Cubic regularization algorithm and complexity issues for nonconvex optimization
Thursday 19 August 2010, 14:00 - 16:00, hosted by Università della Svizzera italiana (USI)
Prof. Dr. Philippe Toint
Thursday, August 19th, 2010
University of Lugano, room SI-008, Informatics building (Via G. Buffi 13)
We consider regularization methods for the nonconvex unconstrained and convexely constrained optimization problems. After motivating these algorithms, we review known convergence results and emphasize their remarkabke complexity properties, that is the number of function evaluations that are needed for the algorithm to produce an epsilon-critical point. We also discuss the complexity of the well-known steepest-descent and Newton's method in the unconstrained case and report some surprising conclusions regarding their relative complexity.

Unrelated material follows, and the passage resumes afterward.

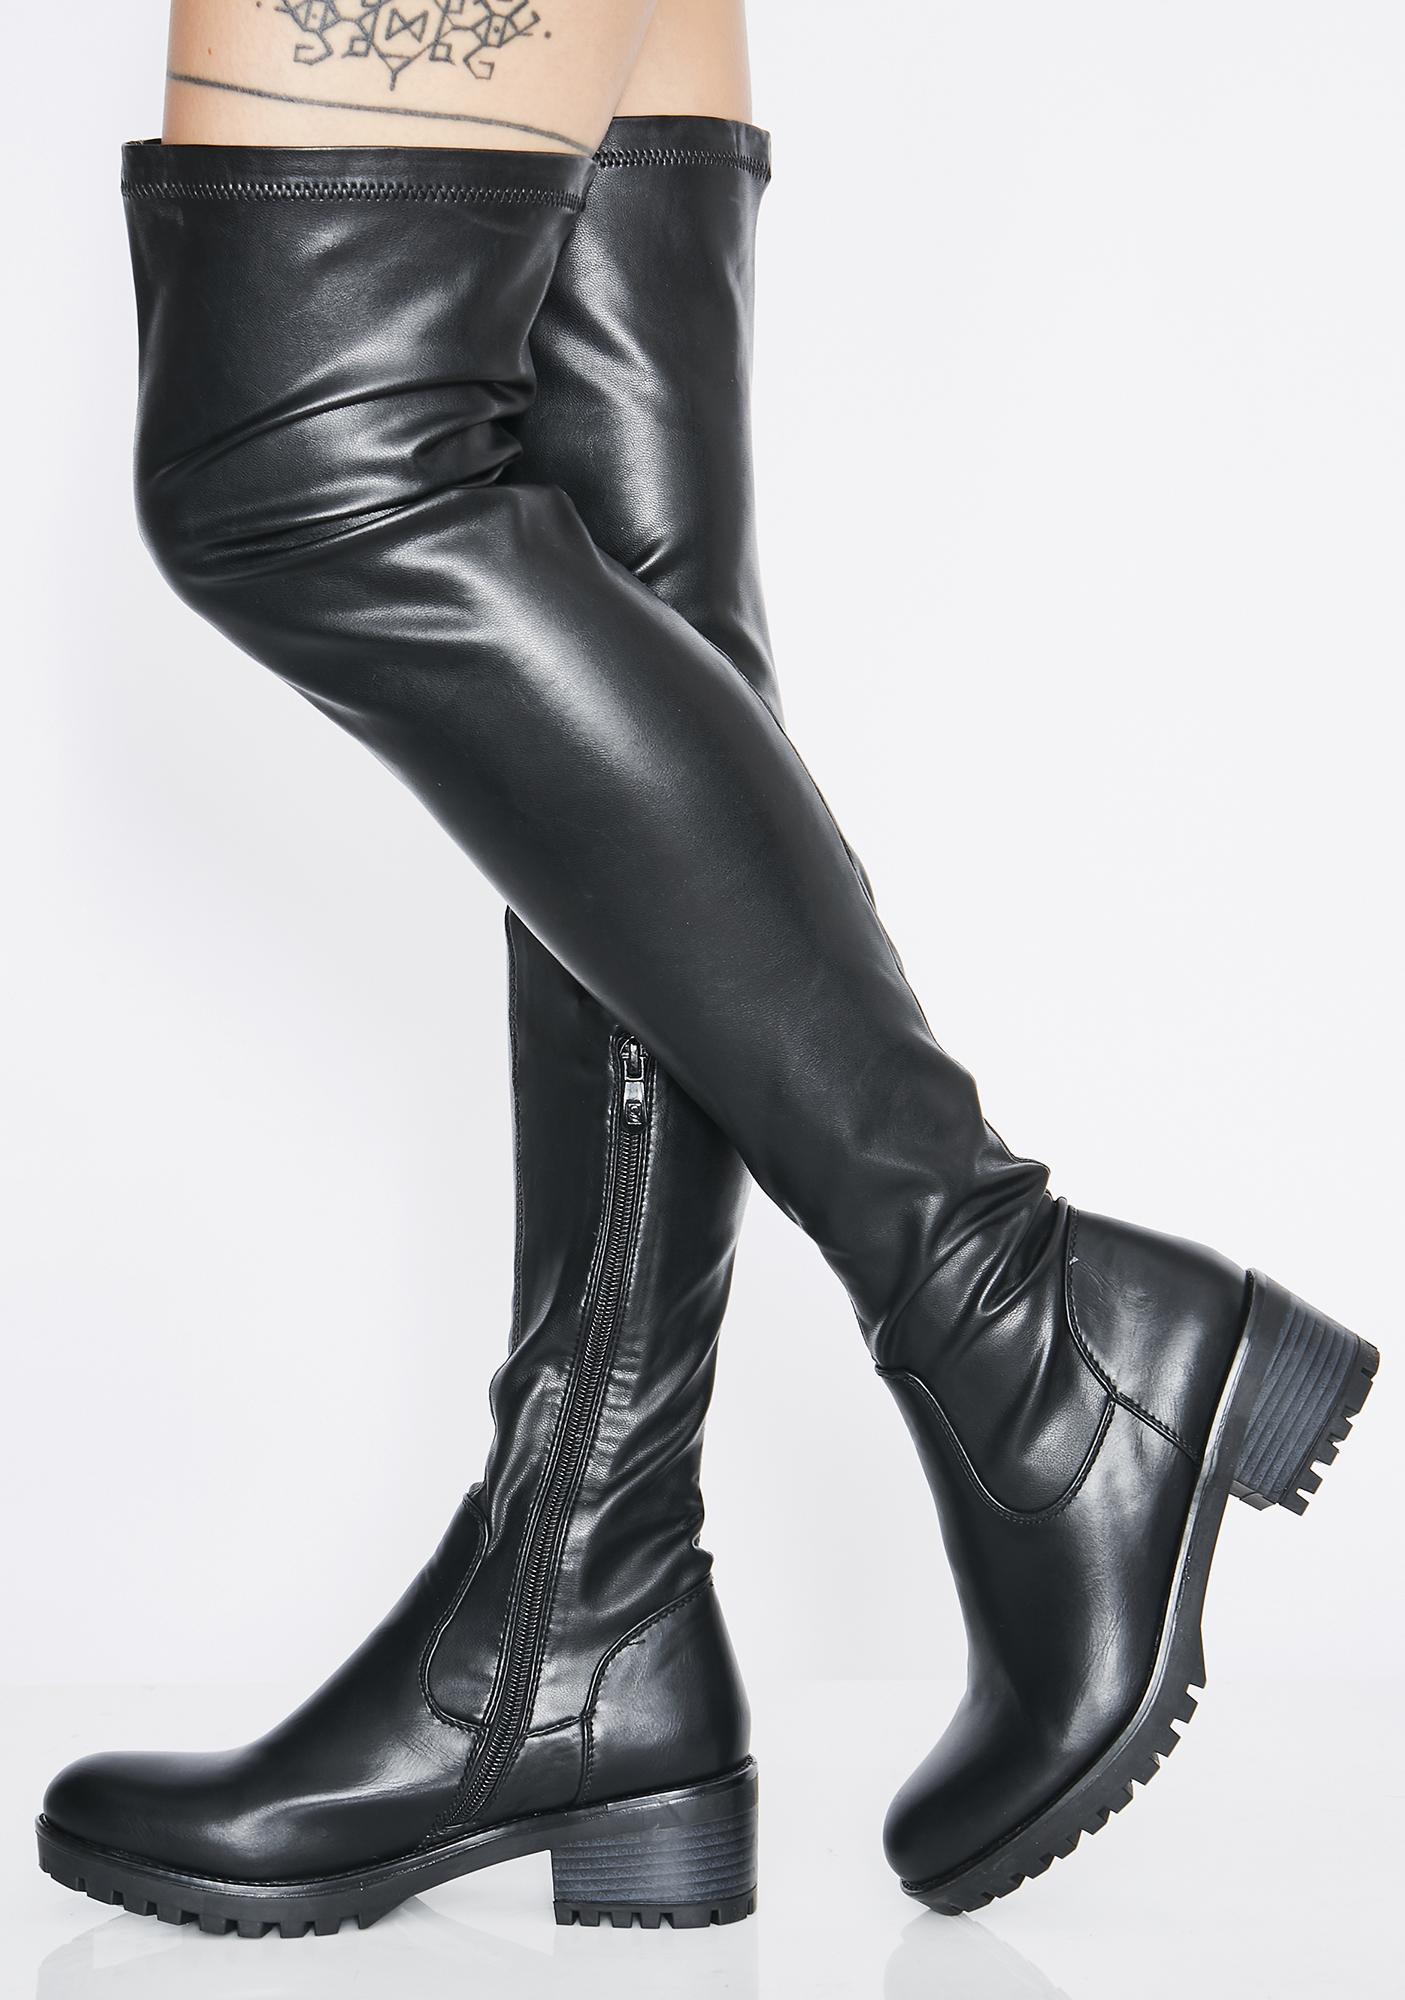 AZALEA WANG Eureva Over The Knee Boots

Philippe Toint is director of the Department of Mathematics of the University of Namur (Belgium), co-director of the Numerical Analysis Research Unit, director of the Transportation Research Group. Chairman elect (2010-2012) of the Mathematical Optimization Society , SIAM fellow (class 2009) and Honorary Professor at the University of Edinburgh.
His research interests are smooth nonlinear optimization, with an emphasis on the algorithmic viewpoint, ranging from convergence theory to numerical considerations and software development ( LANCELOT, CUTEr, GALAHAD ). Practical and multidisciplinary applications of optimization techniques.